Die Initiative „Deutsche Wohnen & Co. enteignen“ (bzw „DW enteignen“) ist eine Berliner Bürgerinitiative. Ihr Ziel ist die Enteignung und Vergesellschaftung des privaten Wohnraums der deutschen Hauptstadt. Damit wird bestrebt, die steigenden Mietpreise in Berlin auf ein leistbares Niveau zu senken. Um das zu erreichen, sollen alle auf Profit ausgerichteten Immobilien-Unternehmen mit mehr als 3.000 Wohnungen in Berlin enteignet und entschädigt werden. Damit sind Wohnungs-Genossenschaften von der Vergesellschaftung ausgeschlossen. Real betroffen wären etwa 240.000 aller 1,5 Millionen Mietwohnungen in Berlin.

Am Sonntag fand nun die Abstimmung statt und brachte ein recht klares Ergebnis. 1.034.709 Menschen oder 56,4 Prozent stimmten für die Vergesellschaftung der großen Immobilien-Konzerne, lediglich 715.214 Menschen oder 39,0 Prozent sprachen sich dagegen aus. 85.192 Stimmen (4,6 %) waren ungültig.

Die Initiator:innen freuen sich auf Twitter:

„Unsere Initiative hat bereits jetzt die Wohnungskonzerne ein stückweit gezähmt. Mieten sind politisches Thema #1!
Wir haben die Interessen der Mieter:innen Berlins gestärkt und werden das auch weiterhin tun – darauf können wir Berliner:innen uns verlassen.“ @JennyStupka

— Deutsche Wohnen & Co Enteignen (@dwenteignen) September 27, 2021

„Das ist ein Wandel in der pol. Debatte: Seit 30 Jahren wurden Entscheidungen nach Interessen von Aktionär:innen getroffen – nicht nur auf dem #Wohnungsmarkt. Wir haben jetzt wirklich wieder die demokratische Kontrolle zum Ziel von pol. Entscheidungen gemacht!“ @JennyStupka

— Deutsche Wohnen & Co Enteignen (@dwenteignen) September 27, 2021

Die Initiative „DW enteignen“ kritisiert, dass die Maximierung der Profite aus der Vermietung oberstes Ziel der betroffenen Konzerne sei. Der Namen der Initiative leitet sich von der Wohnungsgesellschaft „Deutsche Wohnen“ ab, die mit über 110.000 Wohnungen Berlins größter Vermieter ist.

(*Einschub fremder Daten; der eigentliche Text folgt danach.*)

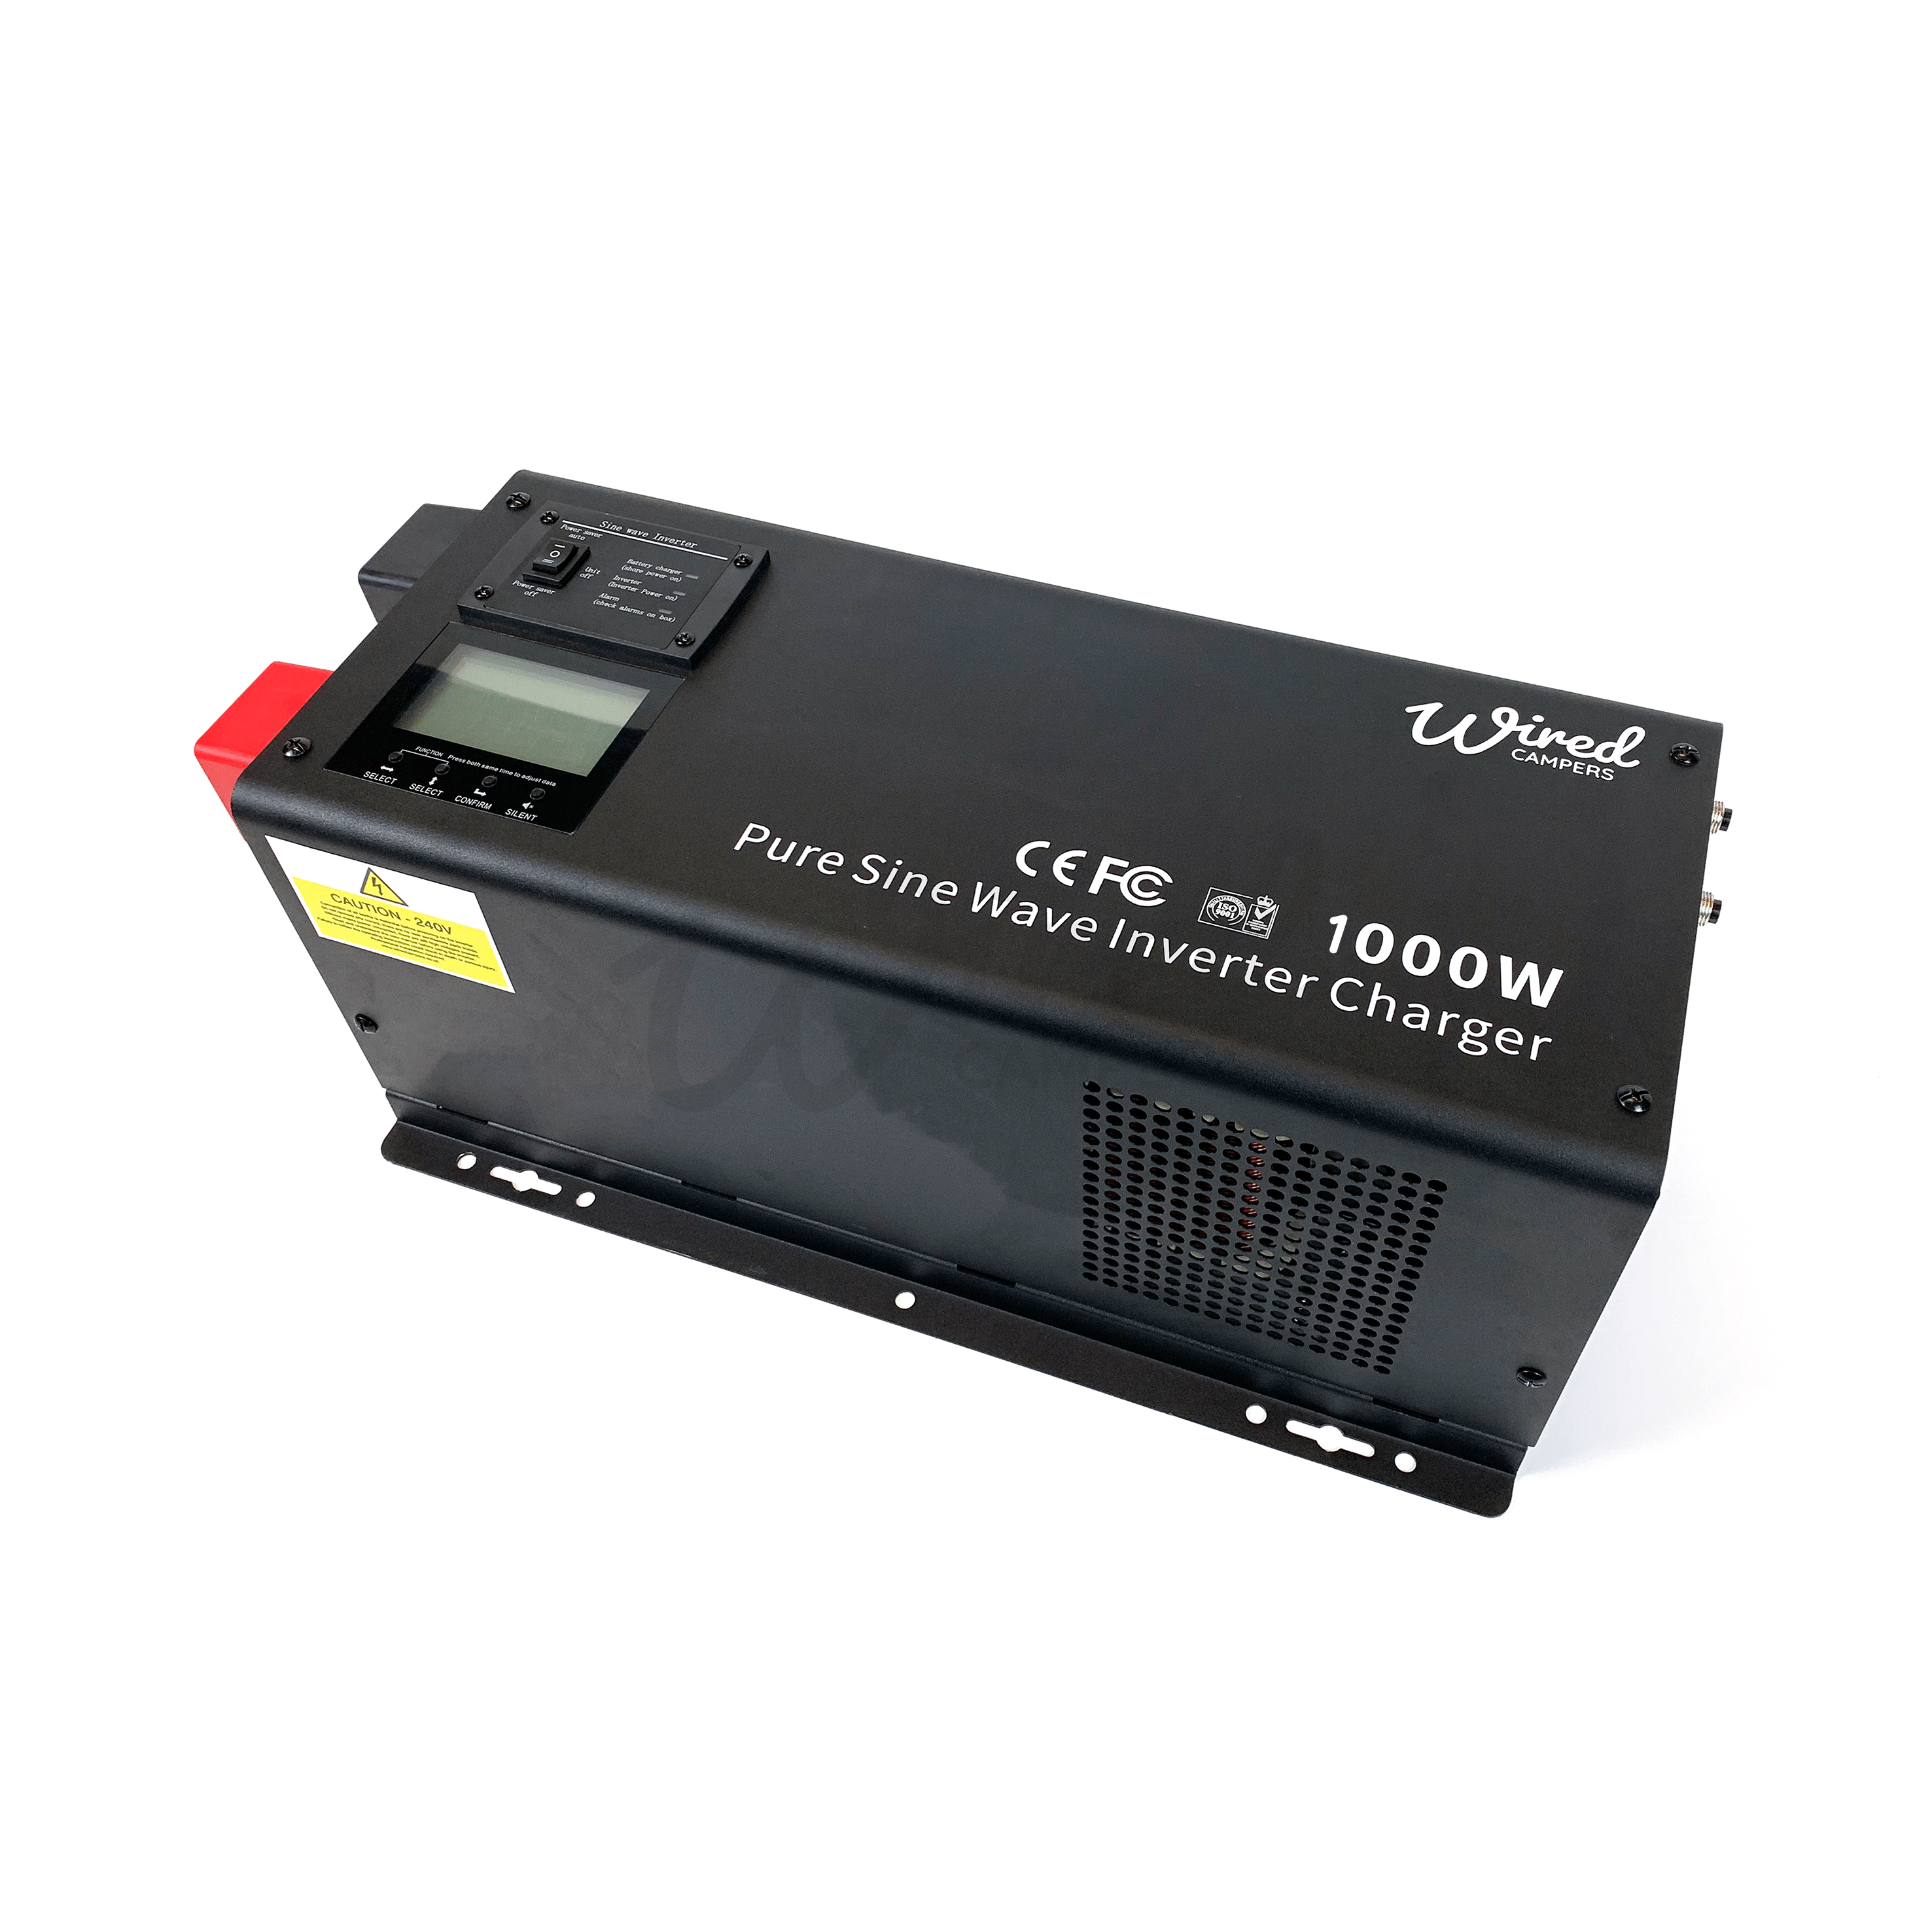 Wired Campers Limited 1000W (1kW) Low Frequency Hard Wired 12V Inverter Charger - 240V 50HZ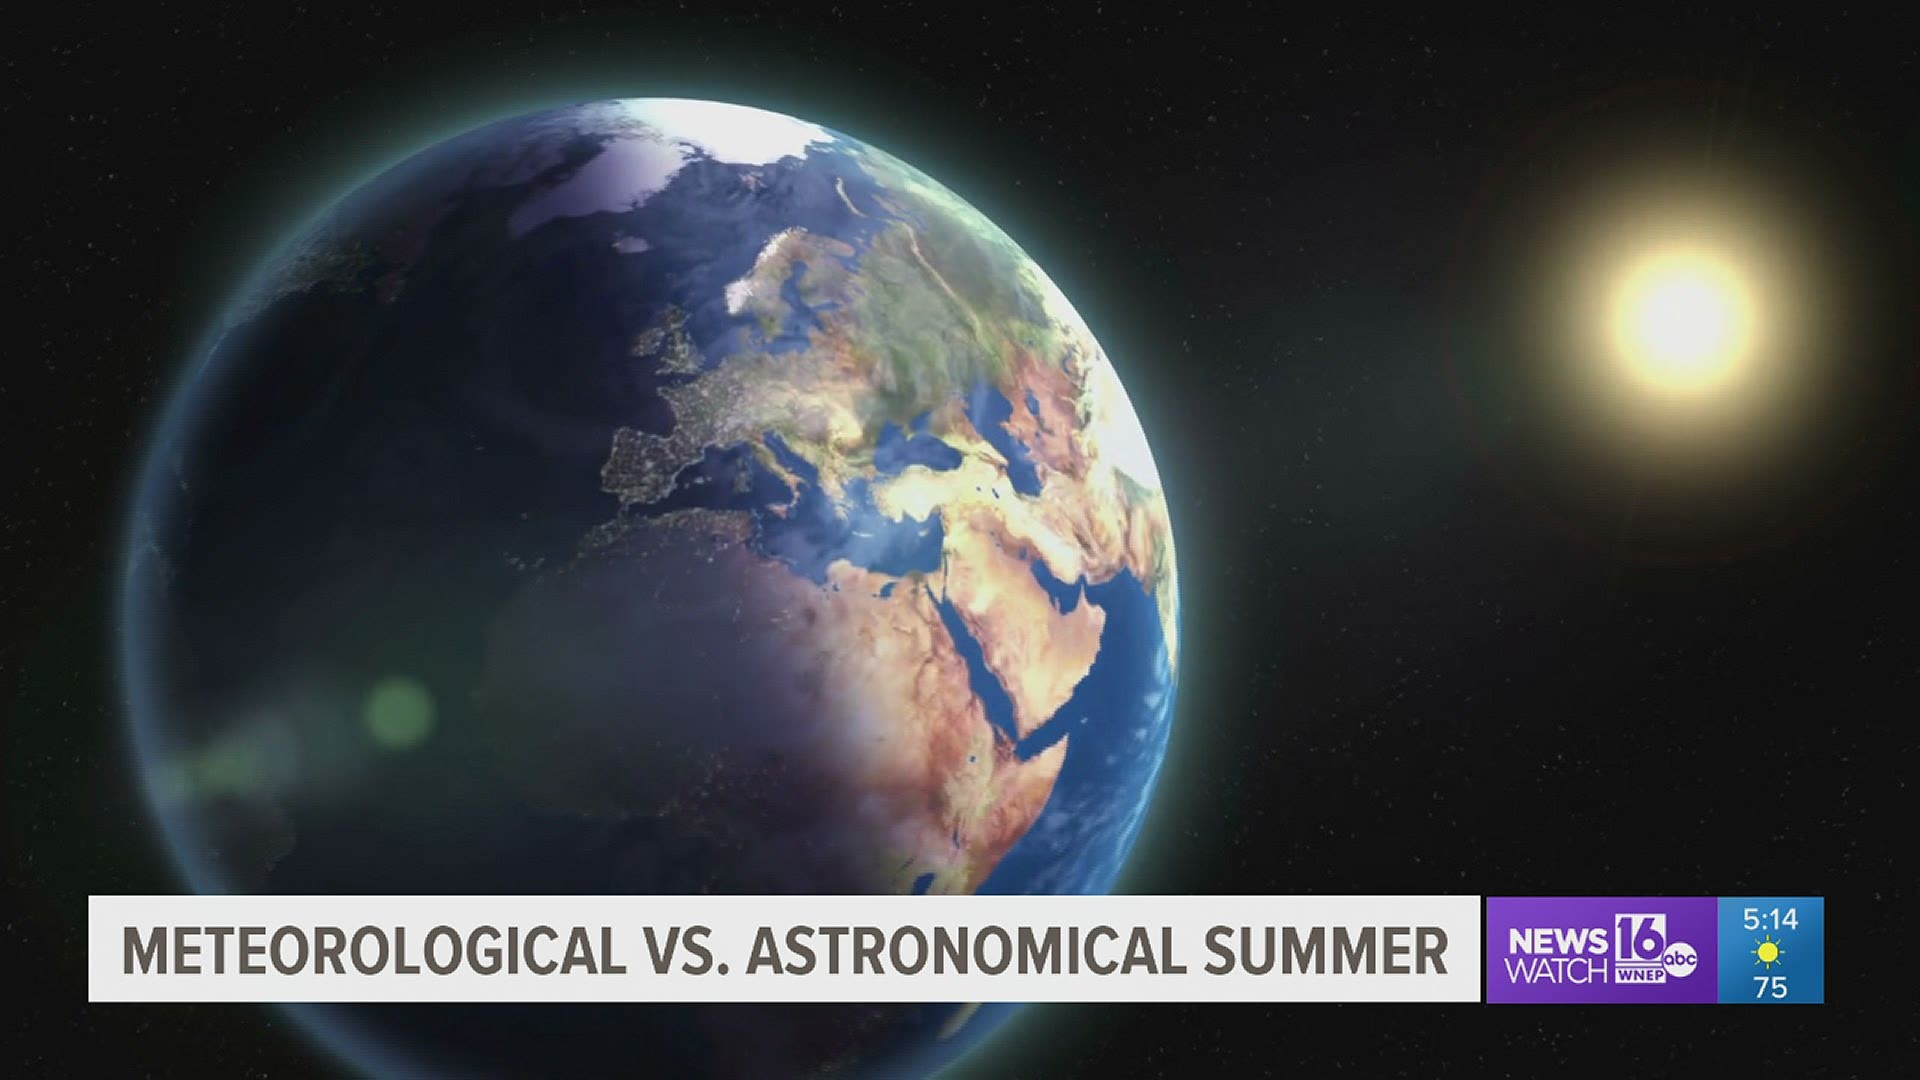 June 1 is the start of meteorological summer and Stormtracker 16 Meteorologist Ally Gallo explains why we use meteorological seasons instead of astronomical.

Zuerst hatte die Initiative bis zum Stichtag 25. Juni 2021 fast 350.000 Unterschriften gesammelt. 170.000 waren nötig, um einen „Beschlussvolksentscheid“ einzuleiten, das sind sieben Prozent der Wahlberechtigten. Mit dem jetzigen Ergebnis der Abstimmung ist der Berliner Senat aufgefordert, Maßnahmen zu erarbeiten, um Häuser, Wohnungen und Grundstücke der betroffenen Immobilien-Konzerne in die Vergesellschaftung zu überführen.

 

Damit Berlin unser Zuhause bleibt – Volksentscheid „Deutsche Wohnen & Co enteignen“ – Video der Initiative „DW enteignen“

Die Realpolitik ist skeptisch

Franziska Giffey (SPD) wird voraussichtlich nächste Bürgermeisterin von Berlin. Sie will nun rechtlich prüfen lassen, ob und wie eine Umsetzung realisiert werden kann. Den Enteignungs-Ideen steht sie skeptisch gegenüber: „Ich bin immer noch der Auffassung, dass Enteignungen nicht dazu beitragen, auch nur eine einzige Wohnung zu schaffen und auch die große Frage des bezahlbaren Wohnens zu lösen. Wir haben jetzt aber einen Volksentscheid, der eindeutig ausgegangen ist. Wir müssen dieses Ergebnis respektieren und verantwortlich damit umgehen“, sagt die Wahlsiegerin vom Sonntag. Auch die Grünen-Chefin Bettina Jarasch sieht noch „viele rechtliche und praktische Fragen zu klären“. Ihre Partei hatte für einen freiwilligen Pakt zwischen Politik, Mietern und Immobilien-Besitzern plädiert.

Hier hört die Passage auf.